Bütün bir dünyanın kendi dairesel ekseninde döndüğünü düşünen ve bazı insanların kendilerinin merkezde olduklarını sanıp da sanki tüm olup bitenler kendilerinin çevresinde meydana geliyormuş gibi davranmalarından rahatsız olan bir kızcağız geldi yanına bu yaşlı osuruğun. Yaşlı osuruk bir süre düşündü ve konuştu:
“Ellerine güç verilmiş ya da bir güce bir şekilde kavuşmuş insanlar kendilerini bu güçten daha fazlasıyla özdeşleştirirler ve kendilerini çok önemli görmeye başlarlar. Bu, kızım, onların felaketidir...”
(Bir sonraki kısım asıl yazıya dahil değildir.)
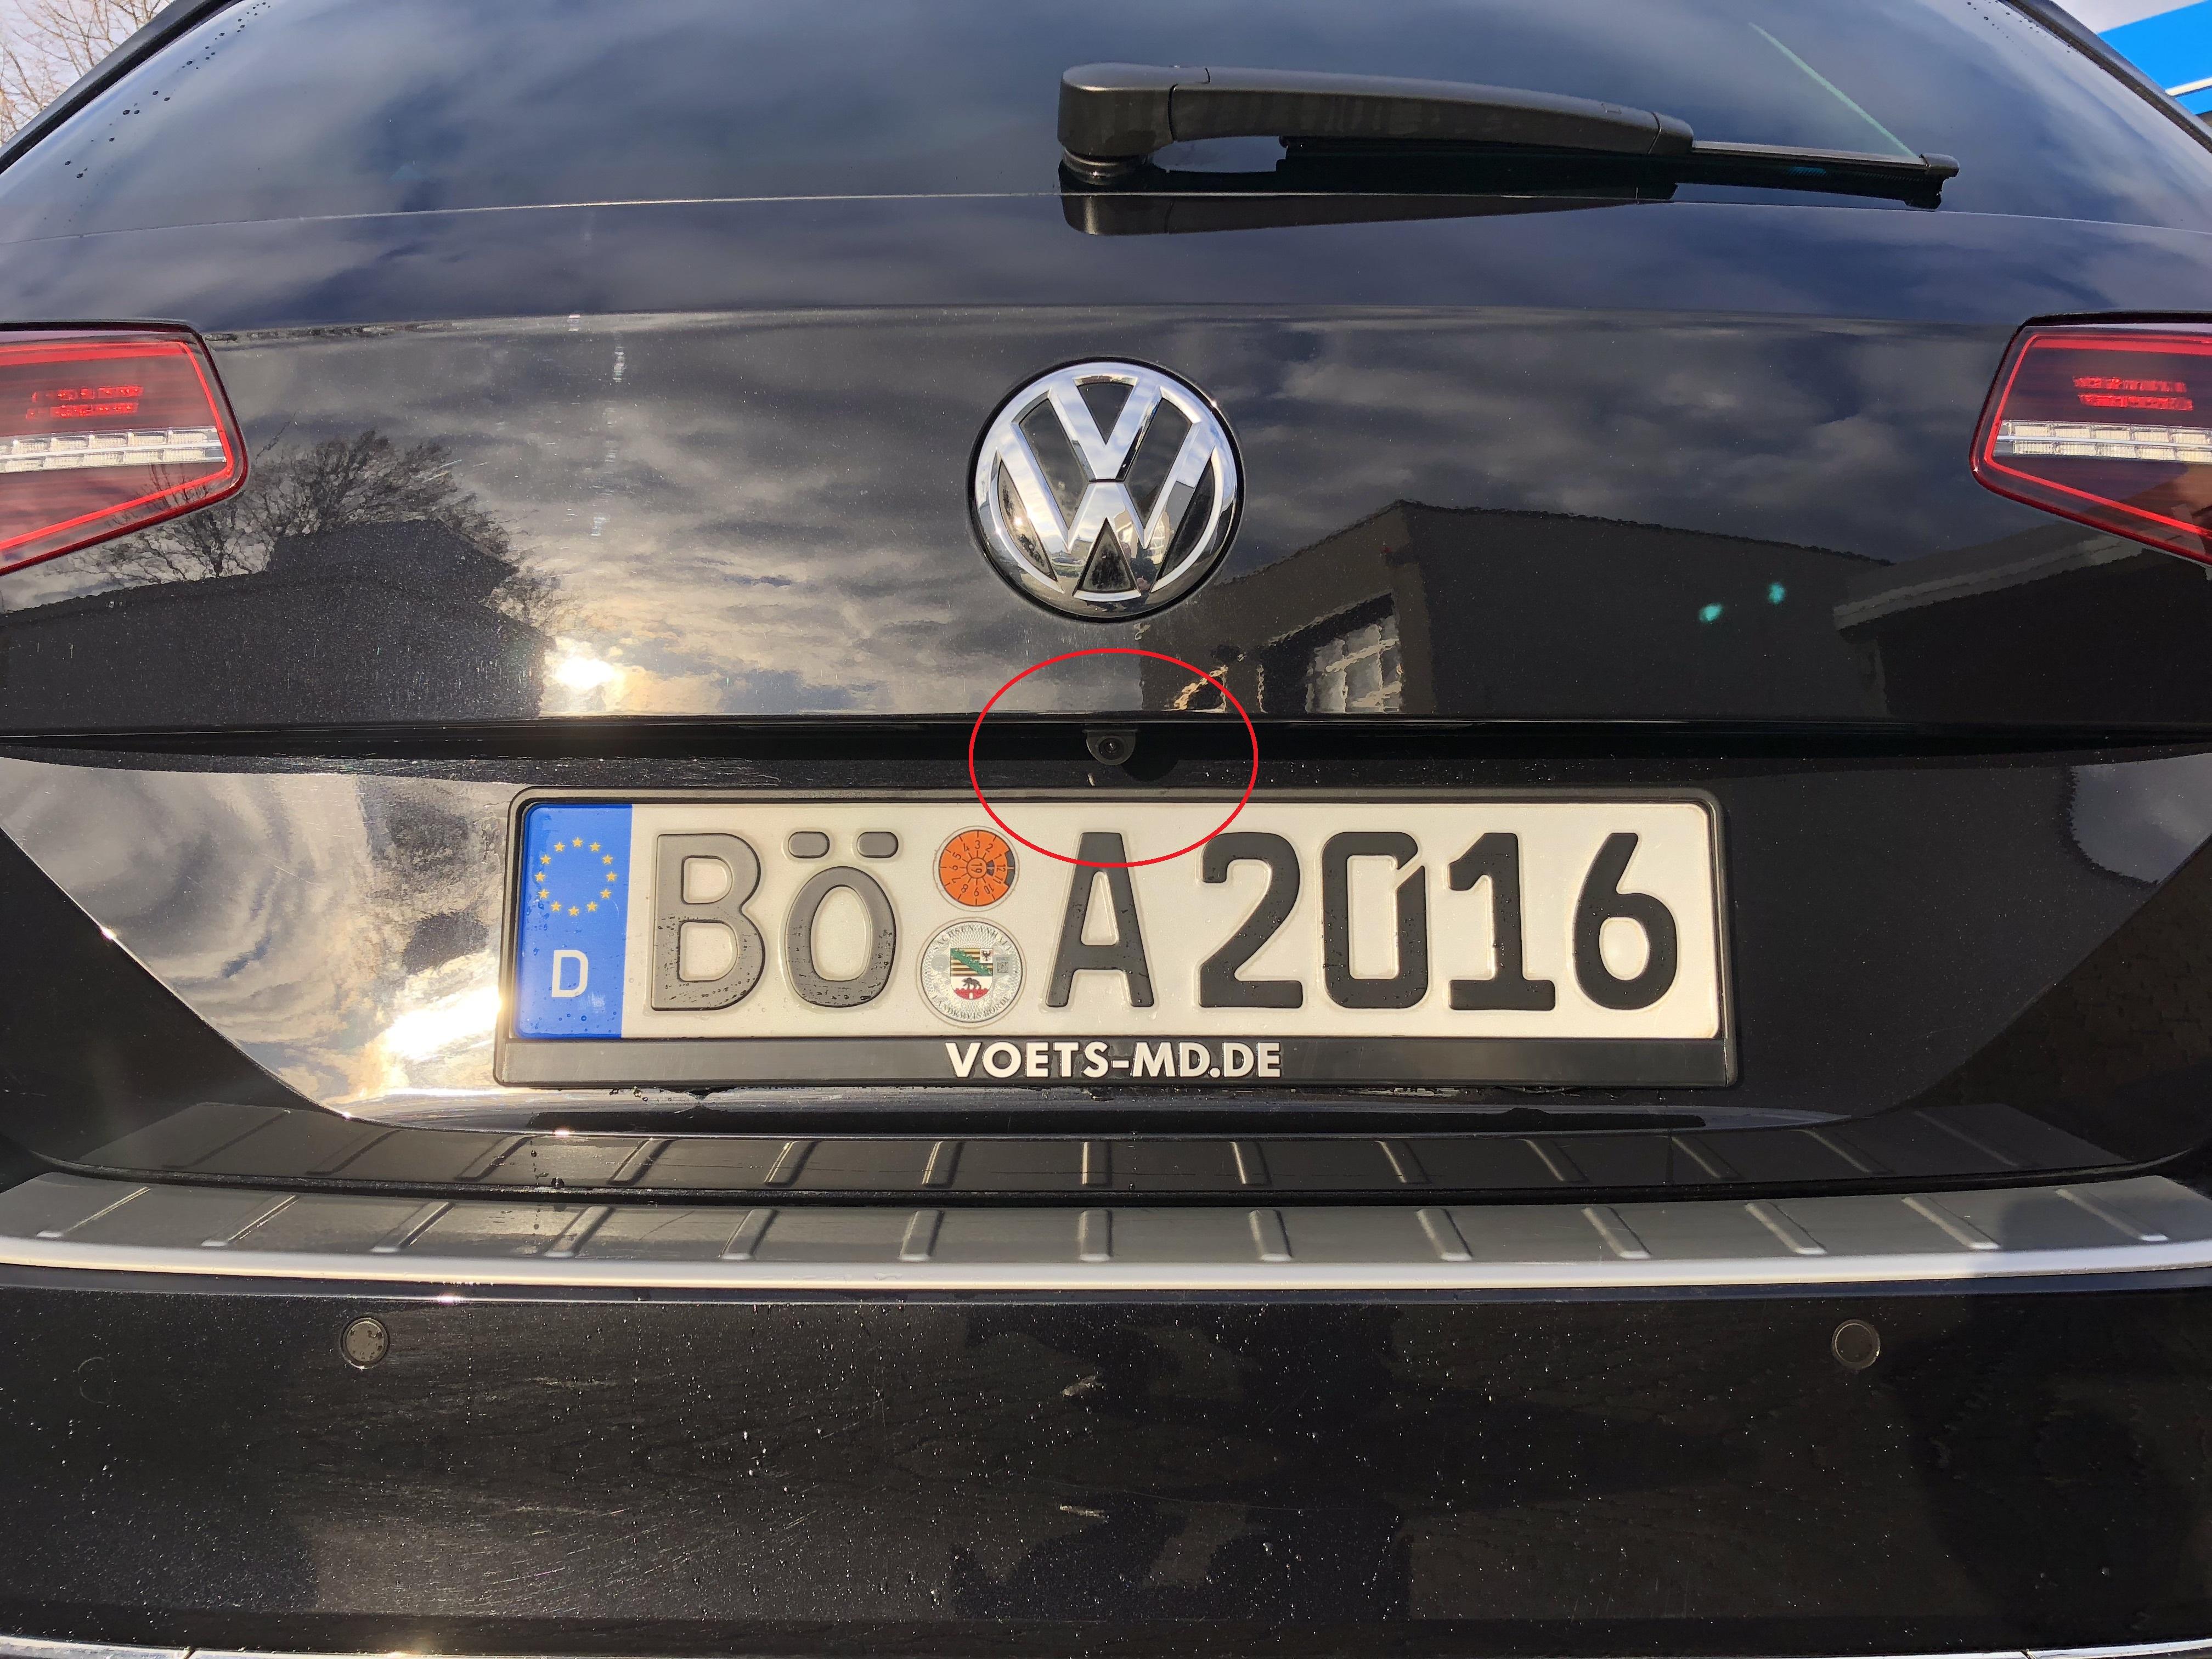 Nett Pto Kabelbaum Bilder - Der Schaltplan - greigo.com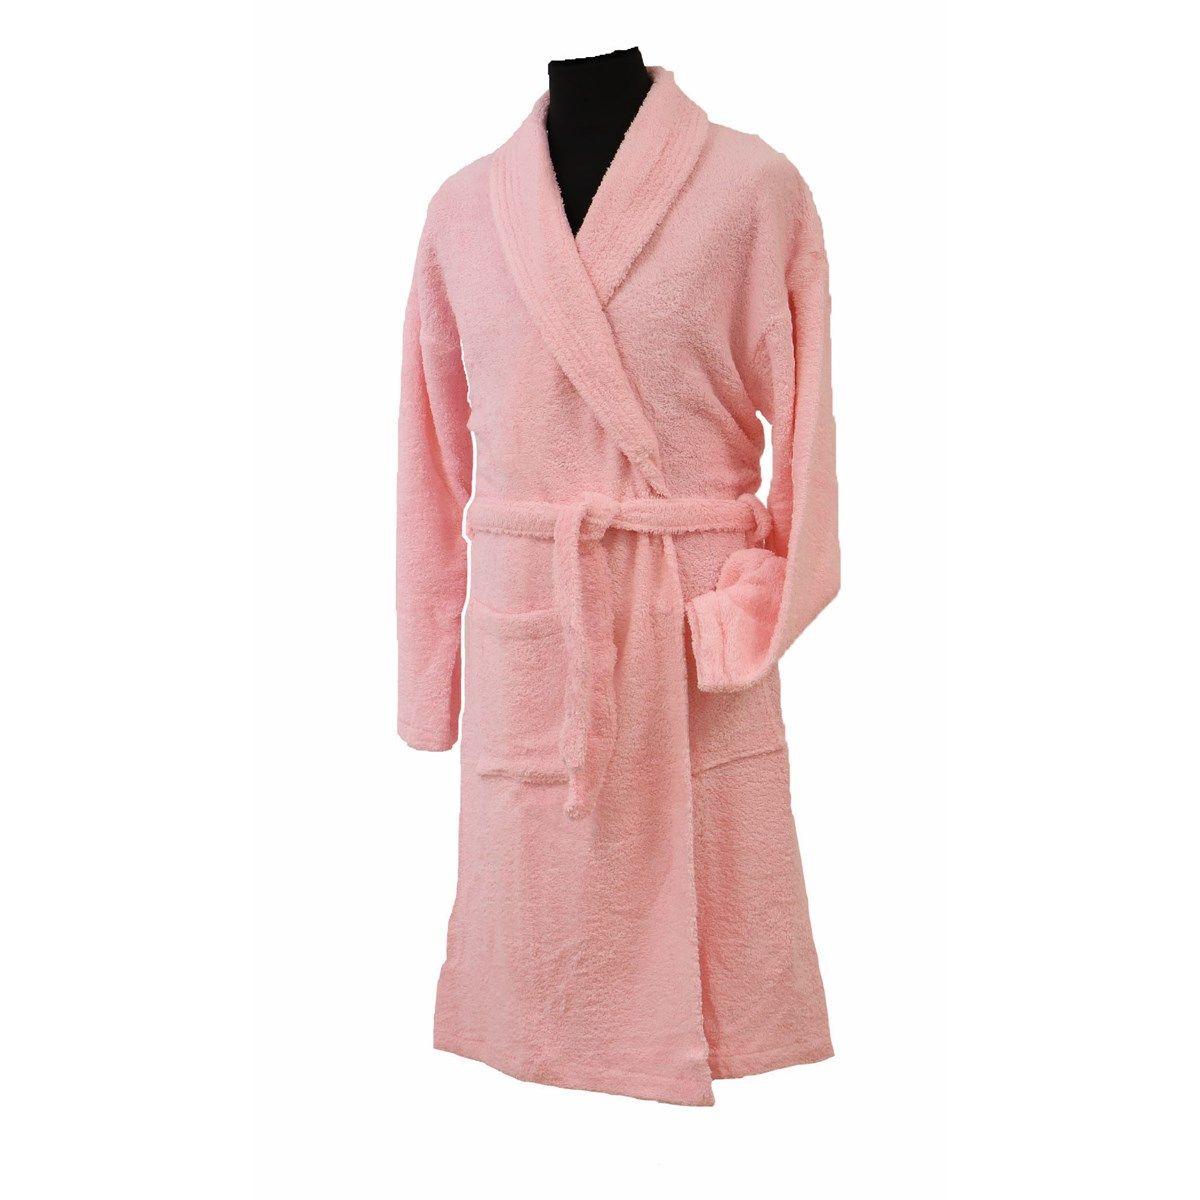 CONFORT - Peignoir mixte col chale coton rose pastel M (photo)

Kız bir cevap vermedi ve aklı meşgul sinyali vererek oradan uzaklaştı. Yaşlı osuruk, yine yırttım, diye düşündü.
Başka bir gün, insanların çok düşüncesiz ve bencil olduklarından şikayet eden bir delikanlı ve her şeyin çok sıkıcı olduğunu düşünen bir arkadaşı yaşlı osuruğun yanına geldi. Yaşlı osuruk onlara şöyle dedi:
“Sıkılan insanlar sıkıcıdır. İnsanlardan incelik ve paylaşım bekleyenler düşüncesiz ve bencil olanlardır. Yolun aşağısına yeni bir bar açılmış; oraya gidin ve epeyce için. Bu boktan konuları düşünmeye devam ettiğinizi düşünürseniz doğru buraya gelin. İşte o zaman size asıl söyleyeceğim şeyi aktaracağım...”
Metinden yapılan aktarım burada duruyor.